Information provided: Begin
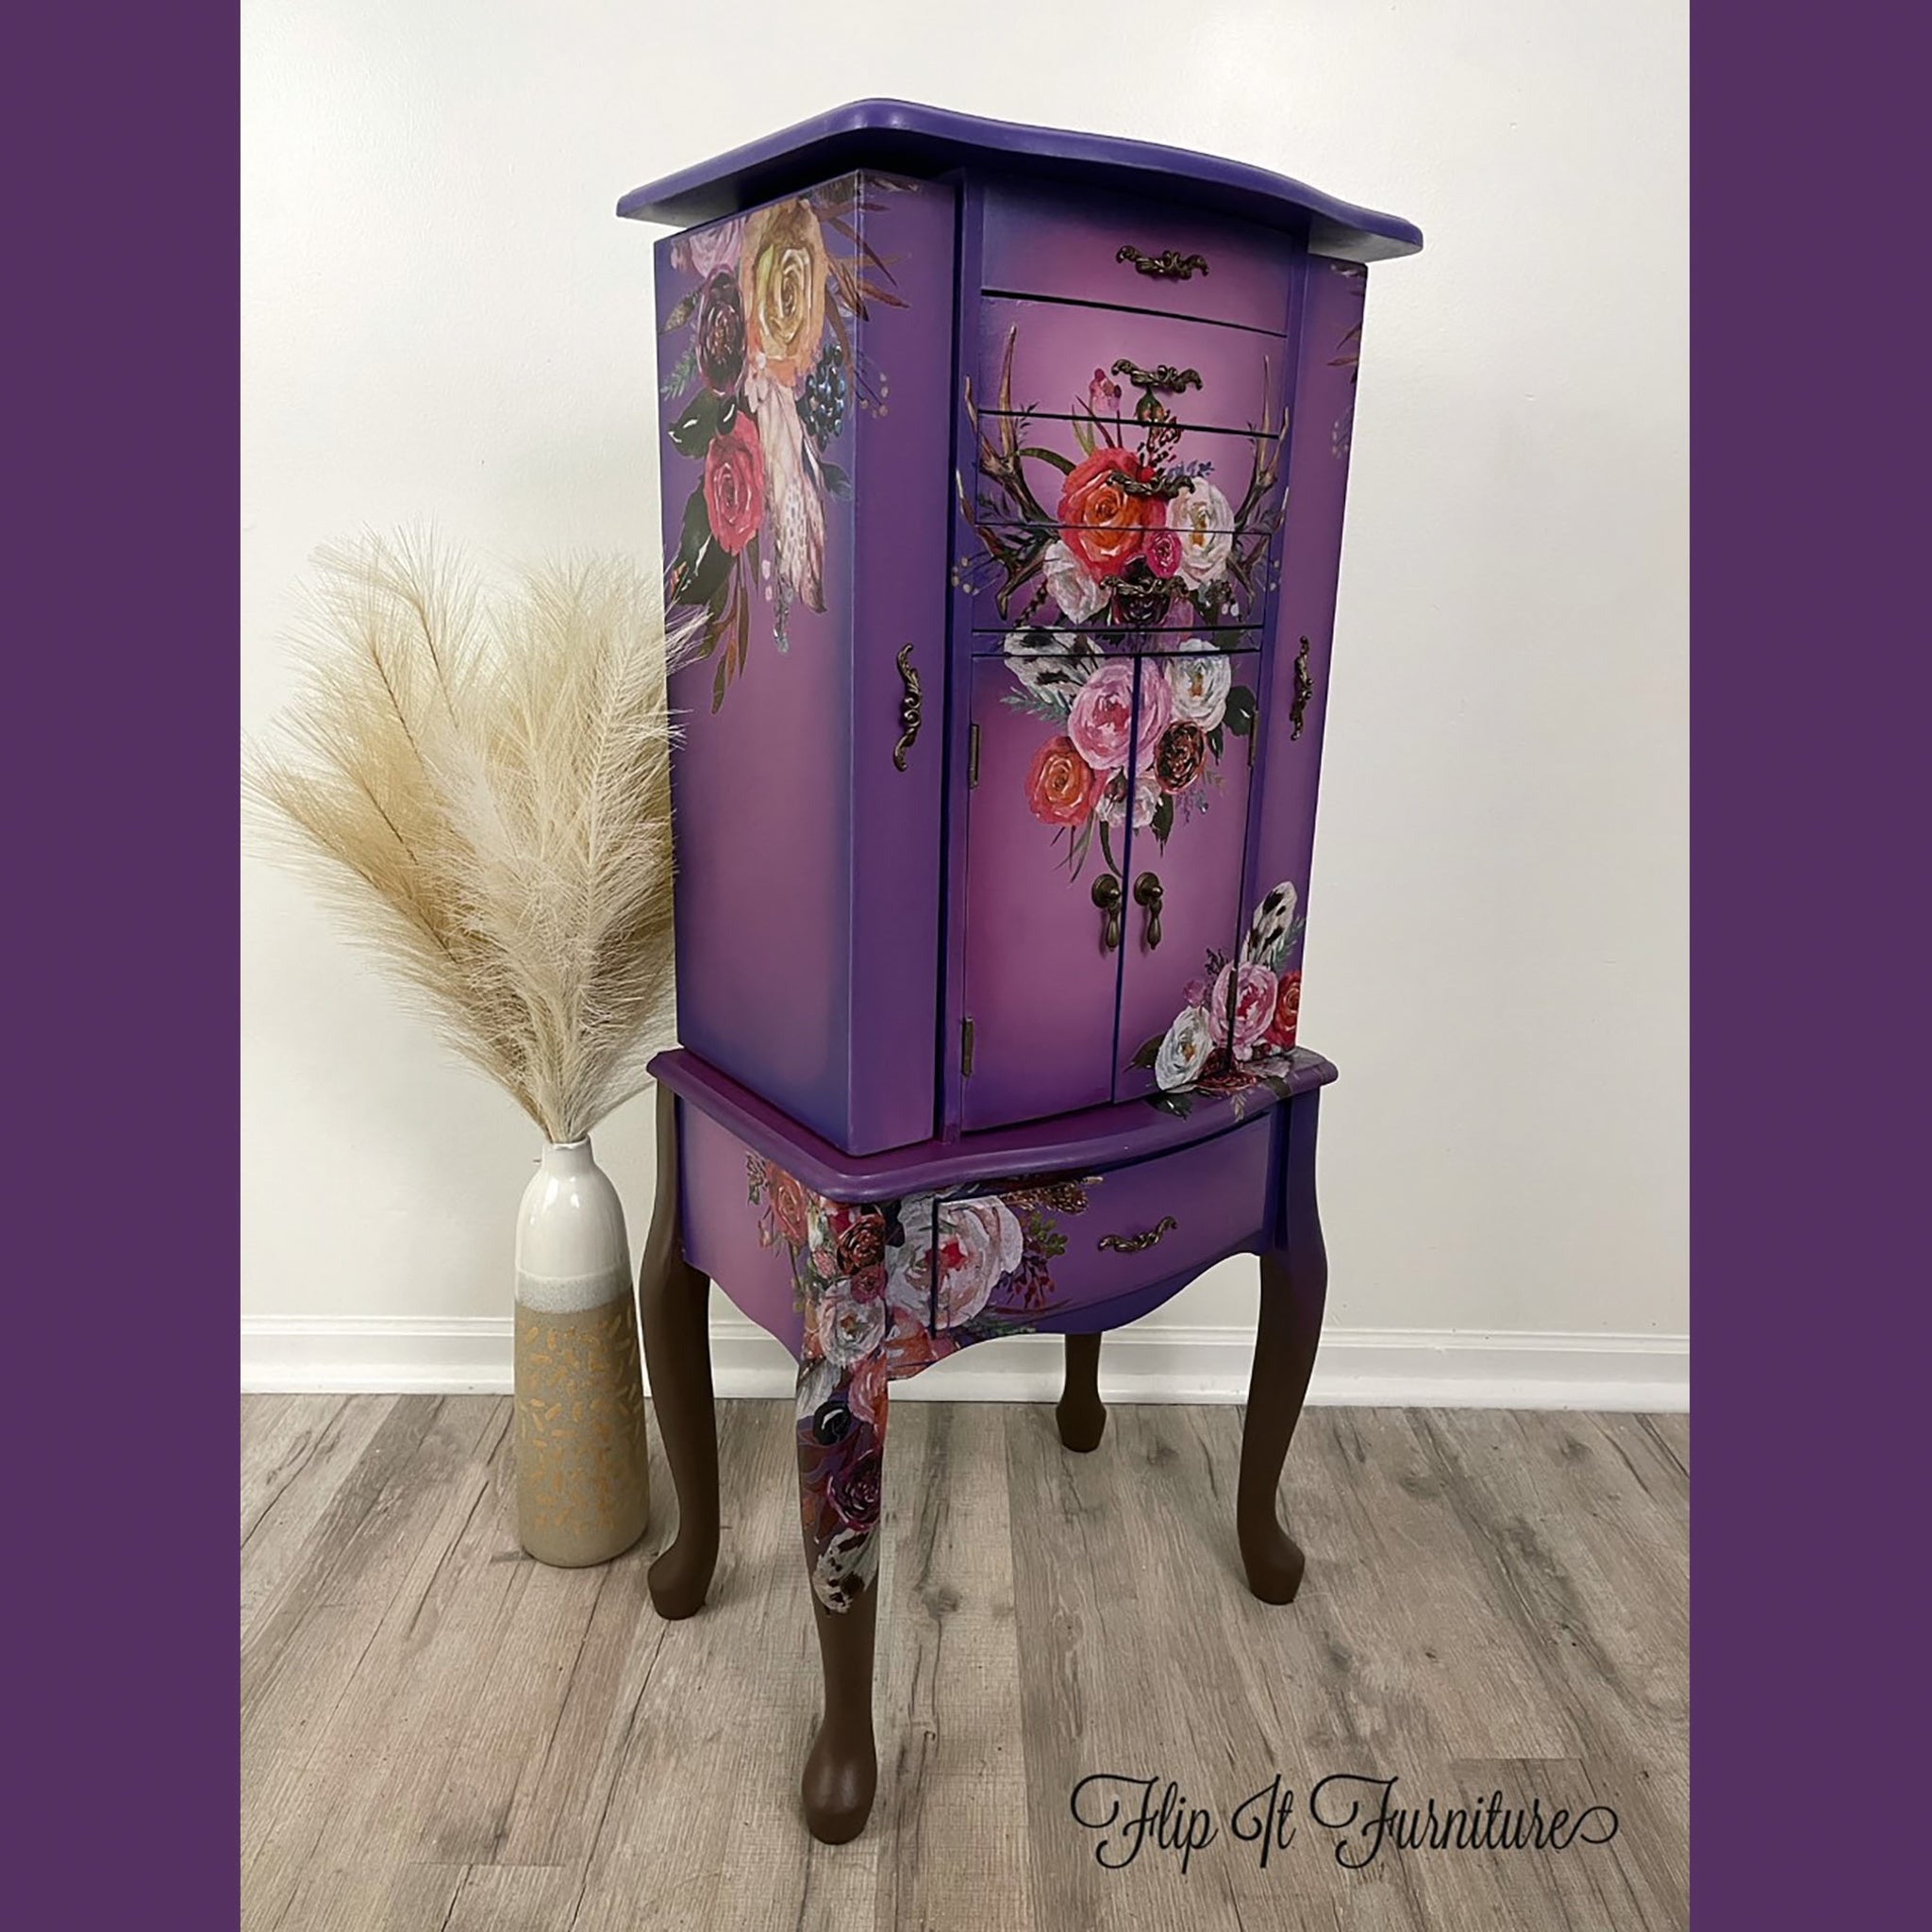 A vintage standing jewelry armoir refurbished by Flip It Furniture is painted in purple with pink center blending and features the Flower Child transfer.
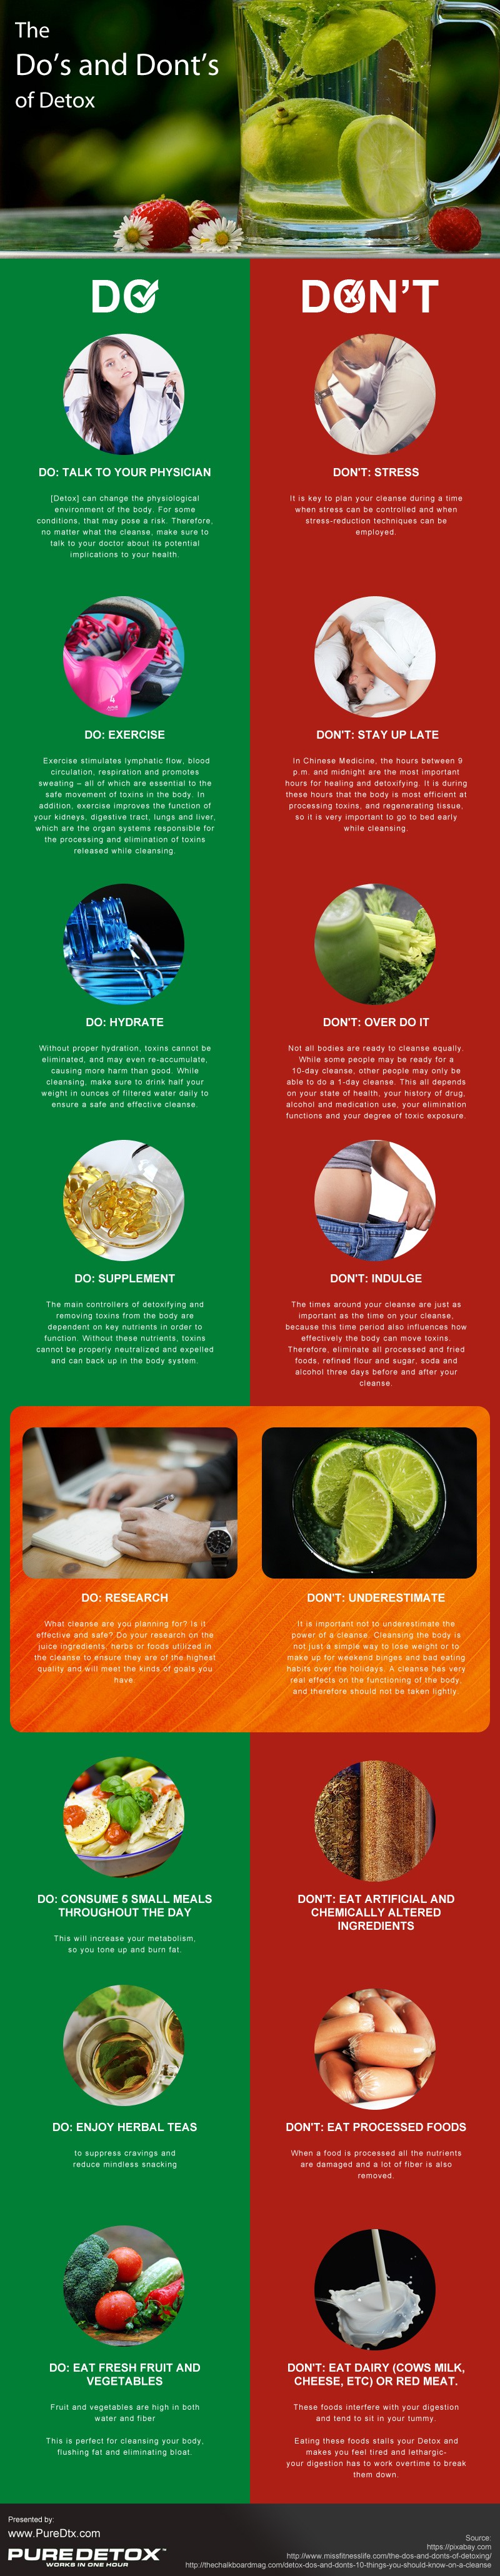 The Do's and Dont's of Detox [infographic]
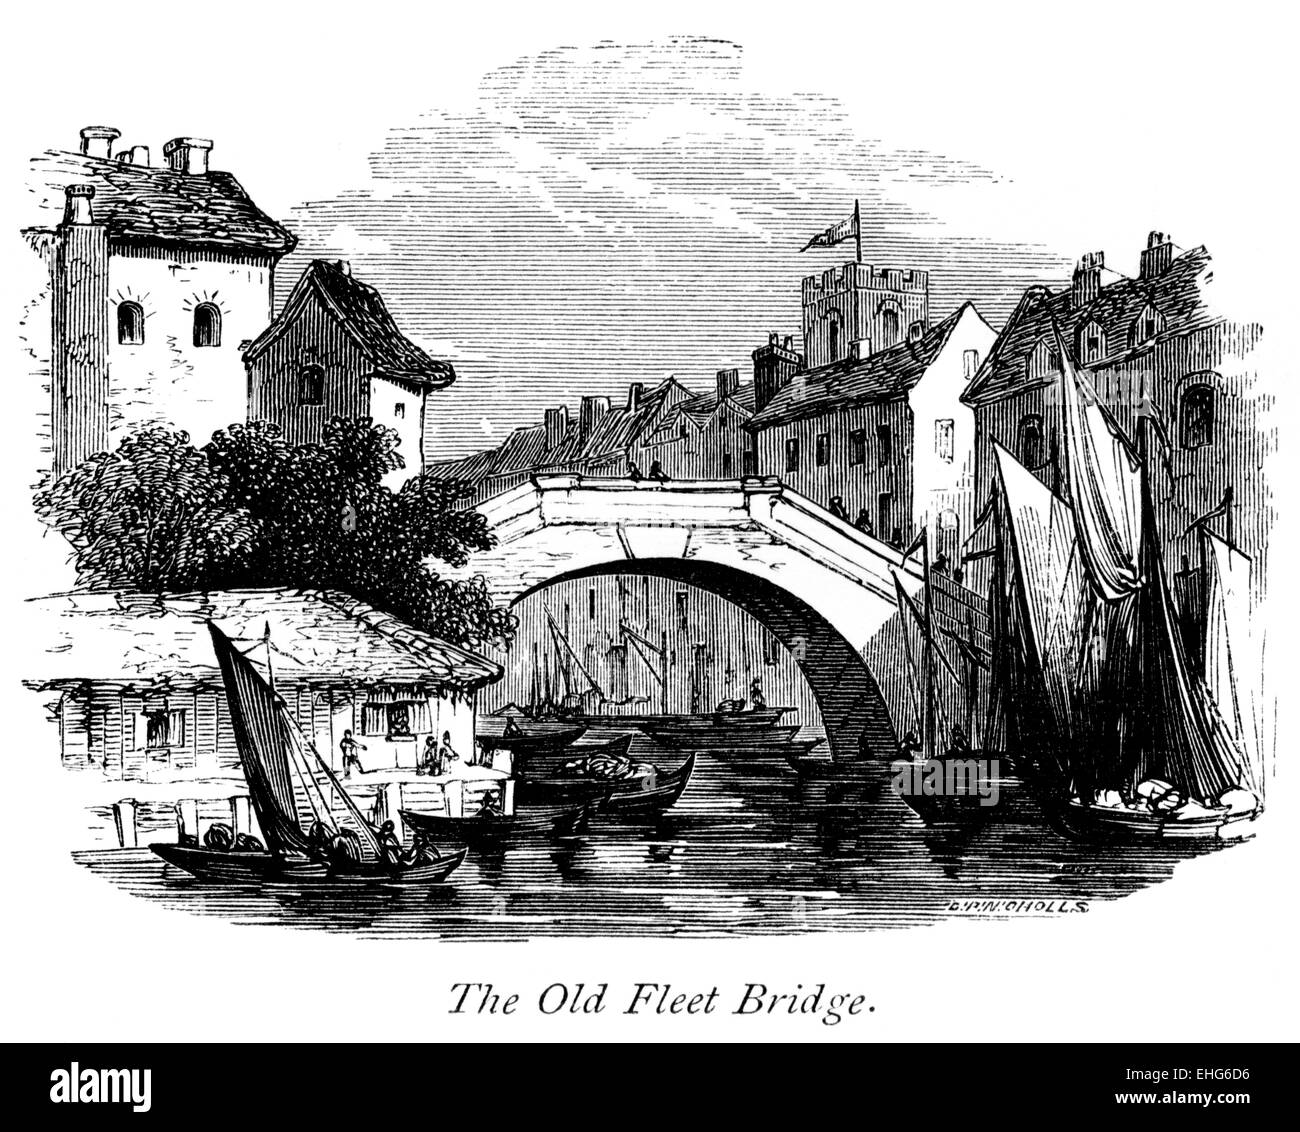 An engraving of The Old Fleet Bridge, London scanned at high resolution from a book printed in 1867. Stock Photo
Information provided: End
• _What you need to do_:
Print the listing verbatim, images excluded.

• _Task response_:
 A vintage standing jewelry armoir refurbished by Flip It Furniture is painted in purple with pink center blending and features the Flower Child transfer.
 The Do's and Dont's of Detox [infographic]
 An engraving of The Old Fleet Bridge, London scanned at high resolution from a book printed in 1867. Stock Photo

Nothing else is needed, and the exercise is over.